In general, there are certain national characteristics to suit design. British suits have slightly padded shoulders and a pinched waist. American suits are generally cut full and straight at the waist, but like their British counterpart, the jacket tends to be long. European suits tend to be fitted at the hips, with more pronounced padded shoulders and shorter waist. In general, the American and British cut are a bit roomier and more traditional, and the European tend to reflect more the season's fashion. The American and British are usually cut for leaner and taller women than the European designs -- although certain Giorgio Armani suits also seem designed for rather impressive-looking models.

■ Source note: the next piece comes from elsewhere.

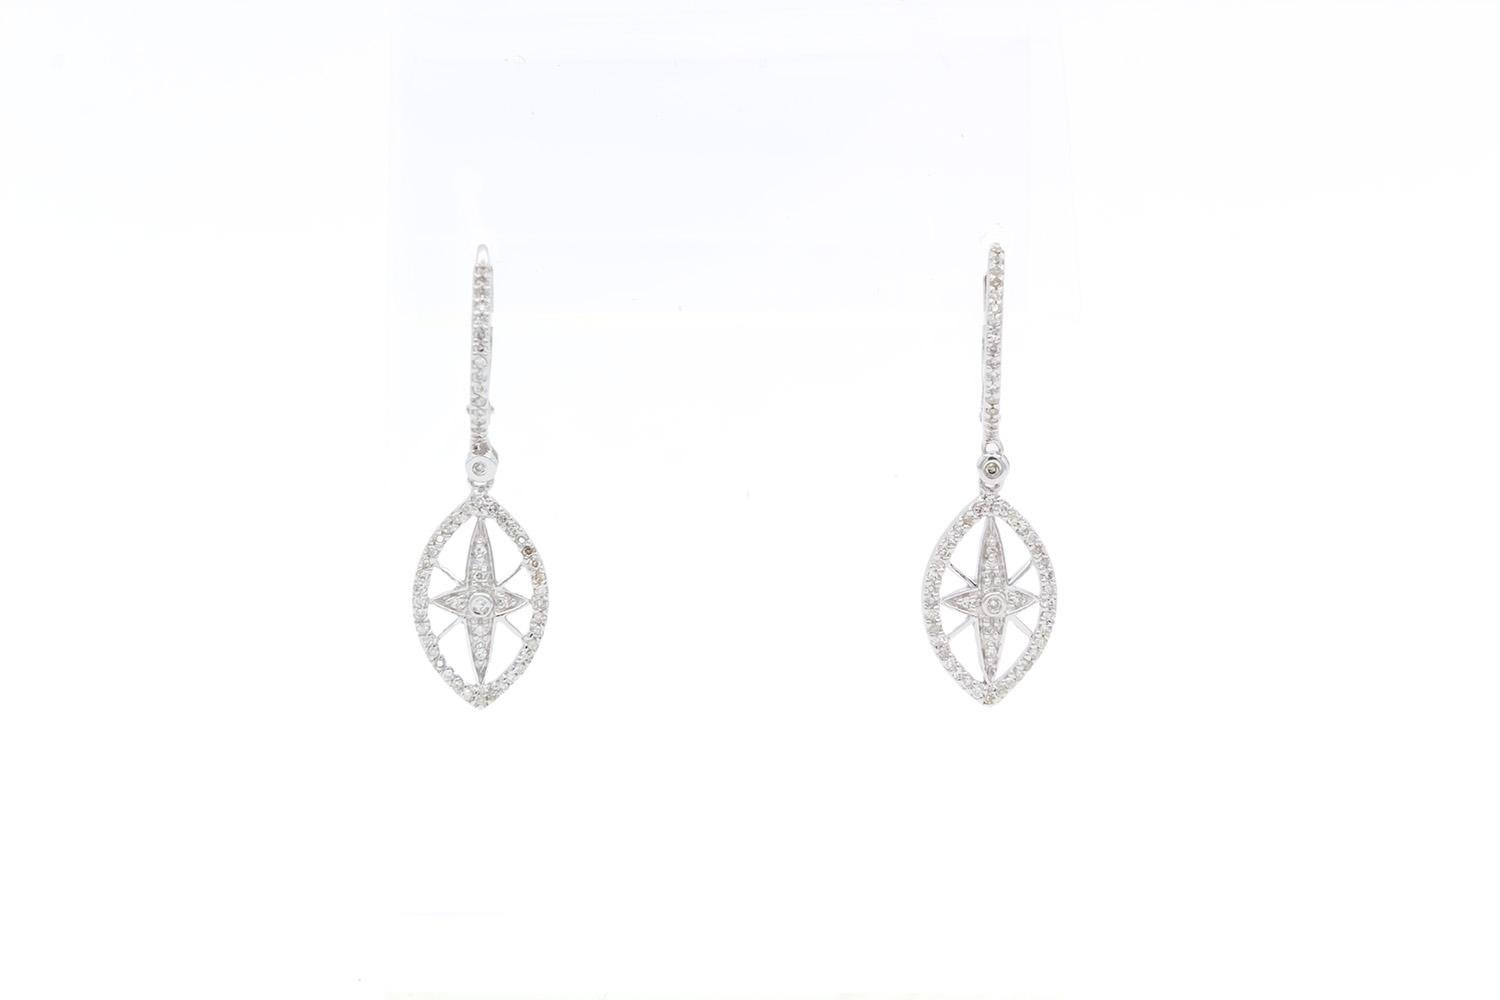 We are pleased to present these Ladies 14k White Gold & Diamond Dangle Drop Earrings. This elegant set of dangle earrings features a beautiful design set with and estimated 0.40ctw H-I/VS-SI Round Brilliant Cut Diamonds with a hinged backing. The

In choosing the suit that suits you, it's a good idea to study which style might be best suited for your size and proportions as well as likes and dislikes. Sometimes what we like looks best on someone else, and what we originally dislike becomes transformed when we actually try it on. Trying on a suit and taking the time to live in it in front of the mirror has actually saved many days of backing and filling between tailors and department stores. A suit that's not right for you can't be totally revamped. If the essential cut and style don't look instantly right, you're probably better off trying on a different label.

A suit should have versatility. One Madison Avenue executive says she's able to wear the same suit to work three times a week without appearing boring or unfashionable. Her trick is changing blouses or silk sweaters of very different colors and textures each time she dons her Harve Bernard.

On the whole, the art of being well-suited starts and ends with you. Gone are boxy shoulders and the uptight male look-alike cuts; and in their place a new freedom stalks the world of workaday suits.